Why a metric tensor is considered a tensor as opposed to a matrix?

Question

My understanding is that a metric tensor receives two points and returns a distance. Why is it considered a tensor then? (Tensor typically means a high order matrix that needs more than two index for each entry.)

Answer 1

A matrix is a bunch of numbers arranged in a rectangular grid. A thing that receives two [tangent vectors] and returns a number is not that.

A bilinear functional is not a matrix, for the same reason that a linear map is not a matrix. For a simple example, consider the rotation of a plane (2-dimensional Euclidean space) by 90 degrees. Is this a matrix? No. It may be represented by a matrix after a basis is chosen in the space. (And the matrix will depend on that choice.) Until then, it has no such representation.

In a Euclidean space, we get to pick a basis early in the game, and from that point on, happily mix linear maps, matrices, and bilinear forms. But on a general manifold, there isn't a canonical basis for a tangent space at every point.

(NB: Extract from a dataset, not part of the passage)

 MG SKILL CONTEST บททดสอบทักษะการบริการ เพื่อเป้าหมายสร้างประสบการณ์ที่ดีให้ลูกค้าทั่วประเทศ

So we have to play the game without one, and consequently, without a matrix representation of the metric tensor.

Answer 2

A linear map is just an element of $\operatorname{Hom}_{\Bbbk}(W,V)$, where $V,W$ are $\Bbbk$-vector spaces; using the dual pairing this can be identified with $V\otimes_\Bbbk W^*$. Once you have chosen bases on $V$ and $W$ you can represent a linear map $L\in V\otimes_\Bbbk W^*$ as a $\dim W\times \dim V$ matrix with coefficients in $\Bbbk$.

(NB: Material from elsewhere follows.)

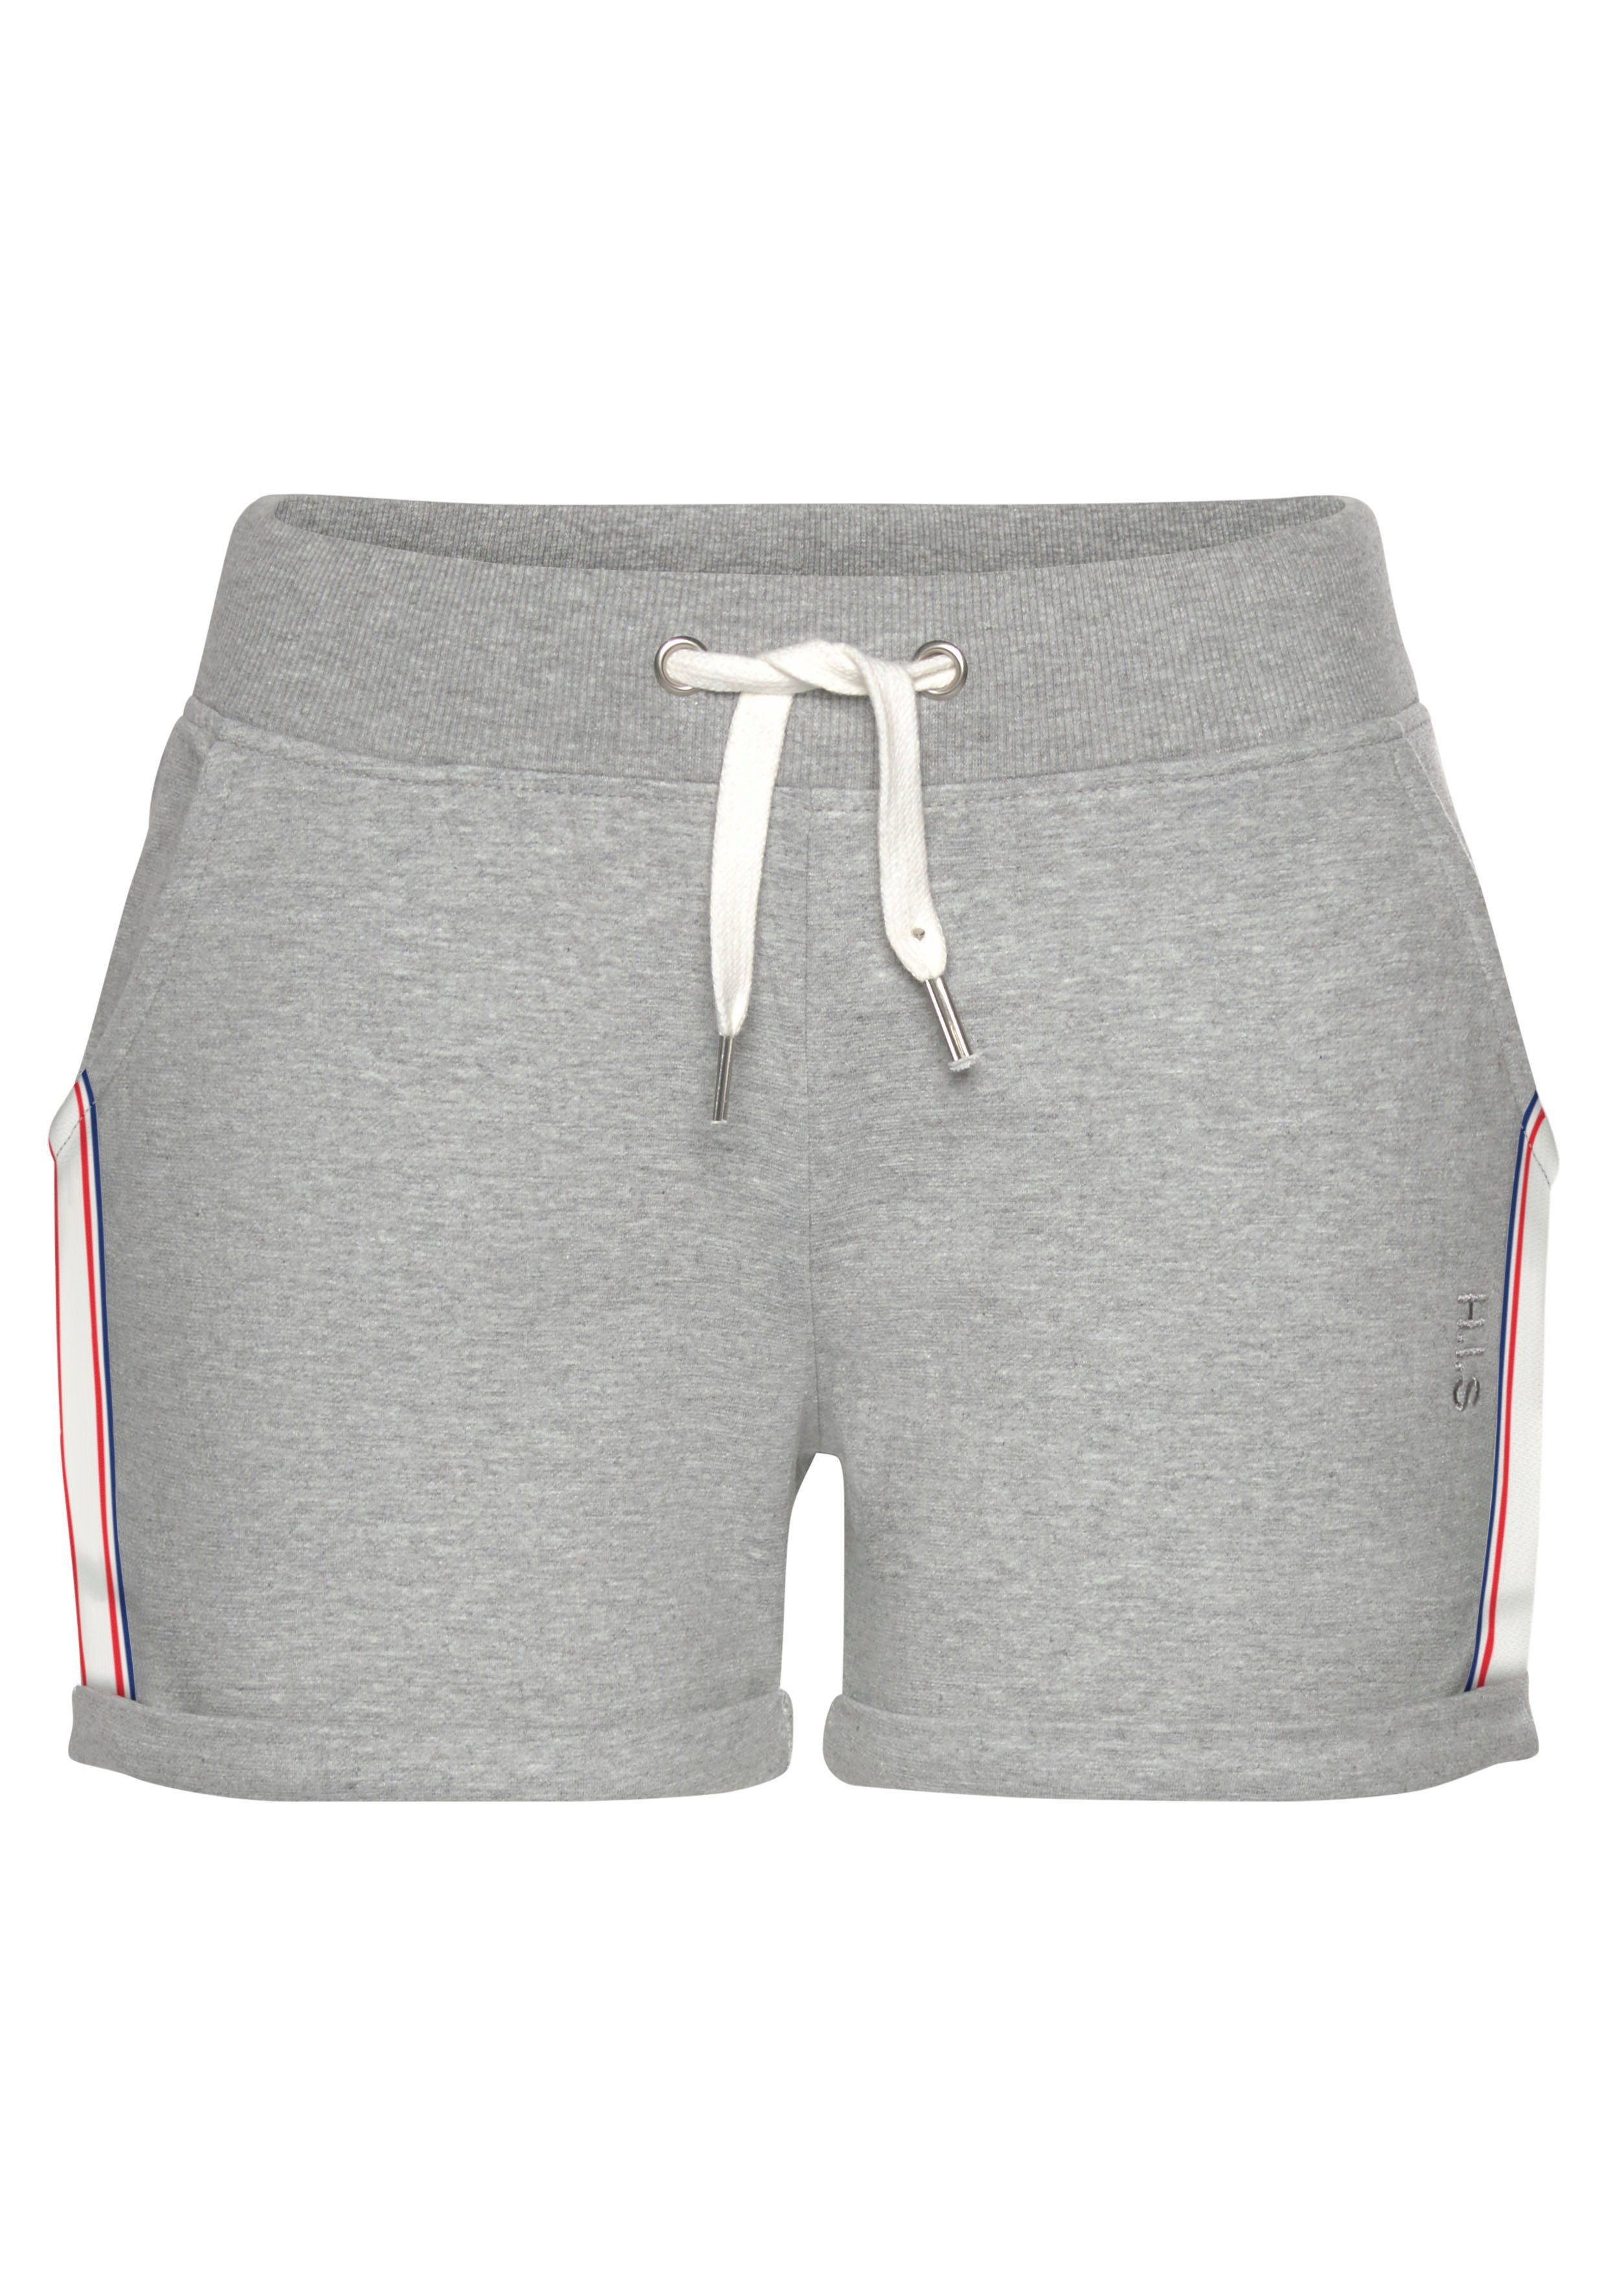 Tapestreifen Shorts mit grau-meliert seitlichen H.I.S

Now, since a second rank tensor field at a point is just an element of \begin{equation} \begin{array}{ll} V\otimes_{\Bbbk} V\simeq\operatorname{Hom}_\Bbbk(V^*,V) & \text{rank}=(2,0)\\ V\otimes_\Bbbk V^*\simeq\operatorname{Hom}_\Bbbk(V,V) &\text{rank}=(1,1)\\ V^*\otimes_\Bbbk V^*\simeq\operatorname{Hom}_\Bbbk(V,V^*) &\text{rank}=(0,2) \end{array} \end{equation} where $V=T_xM$ is the tangent space at $x\in M$ (which is a $\dim M$ $\Bbbk$-vector space), and $\Bbbk=\mathbb{R},\mathbb{C}$, once you have picked local bases on $V$ and its dual you can represent it with a matrix.

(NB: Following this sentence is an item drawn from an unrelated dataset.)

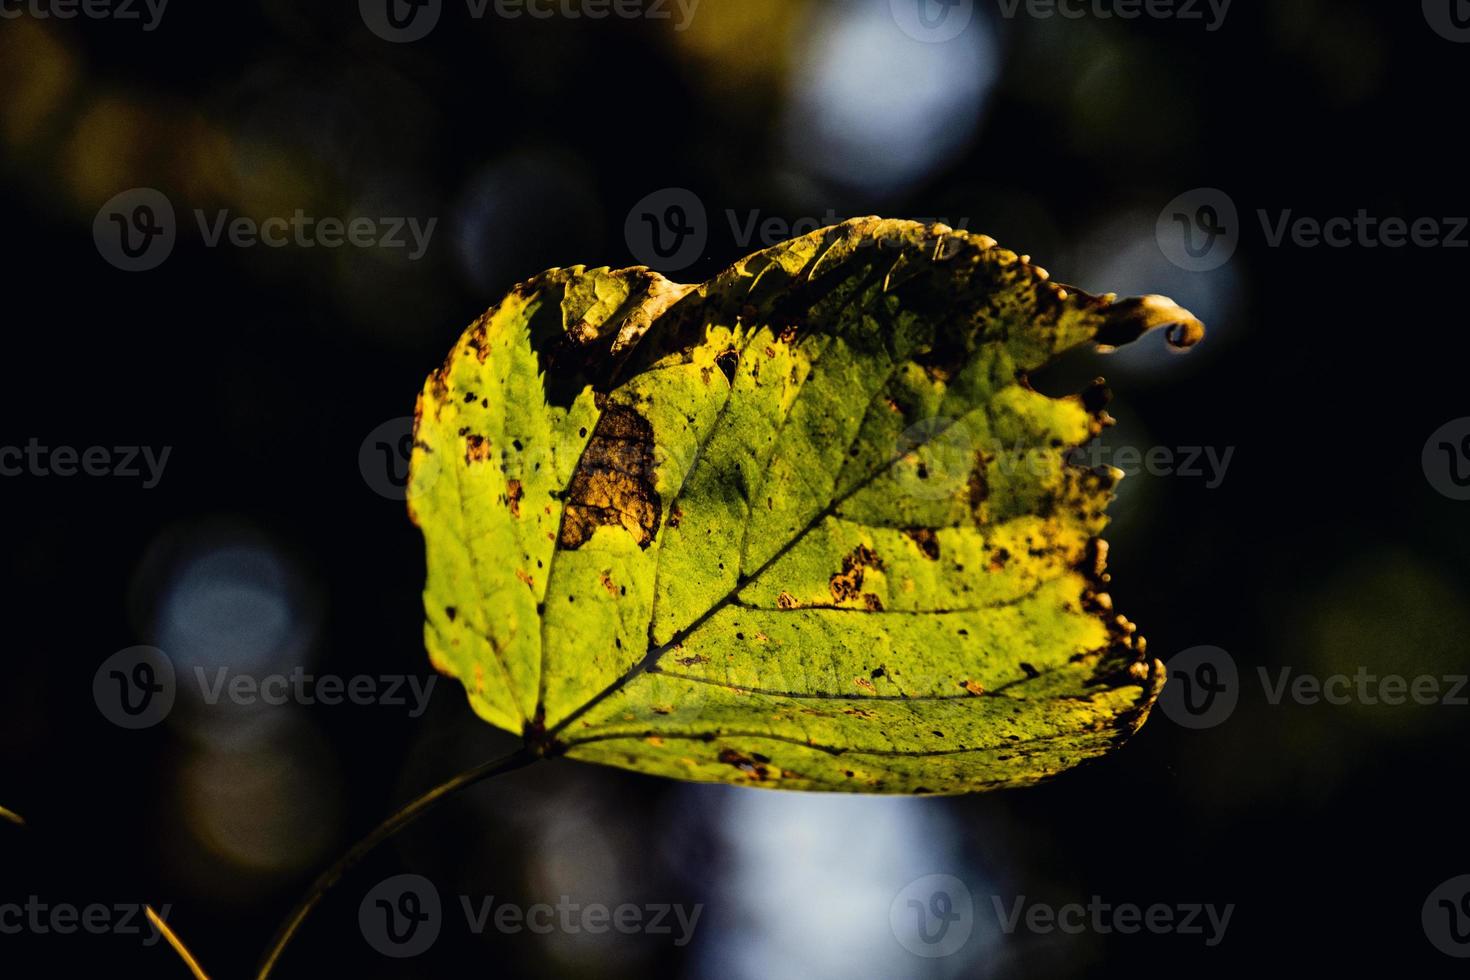 autunno le foglie su un' albero ramo illuminato di caldo dolce autunno sole foto

Moreover, if the manifold has a metric, there is an isomorphism between $V$ and $V^*$, called the musical isomorphism or, by physicists, raising/lowering the indices, which lets you relate all the $r$-rank tensors by concracting with the metric tensor.

For example, consider the Minkowski metric (which is not a Riemannian metric, but a Lorentzian one) on $\mathbb{R}^{1,3}$; with respect to the canonical basis $\lbrace e_i\rbrace$ of $V$ (and its dual $\lbrace e^i\rbrace$ in $V^*$) \begin{equation} \eta(e_i,e_j)=:\eta_{ij}=\begin{bmatrix} -1 & 0 & 0& 0\\ 0 & 1 & 0 & 0\\ 0 & 0 & 1 & 0\\ 0& 0 &0 &1 \end{bmatrix},\quad \eta=\sum_{ij}\eta_{ij} e^i\otimes e^j \end{equation} since $\eta$ is invertible, its inverse is an element of $V\otimes_\Bbbk V$ (it is usually denoted with the same symbol) and can be represented by the matrix \begin{equation} \eta(e^i,e^j)=:\eta^{ij}=\begin{bmatrix} -1 & 0 & 0& 0\\ 0 & 1 & 0 & 0\\ 0 & 0 & 1 & 0\\ 0& 0 &0 &1 \end{bmatrix},\quad \eta=\sum_{ij}\eta^{ij} e_i\otimes e_j \end{equation} and therefore \begin{equation} \sum_{j}\eta^{ij}\eta_{jk}={\eta^i}_k=\delta^i_k,\quad \eta=\sum_{ij}{\eta^i}_j e_i\otimes e^j. \end{equation}

Finally, I'd like to stress again that a metric is more than a tensor, it is a tensor field, i.e. a $\mathcal{C}^\infty_M$-map which assigns to each point $x\in M$ a rank $(0,2)$ tensor which induces an inner product (in the case $\Bbbk=\mathbb{R}$) on each tangent space.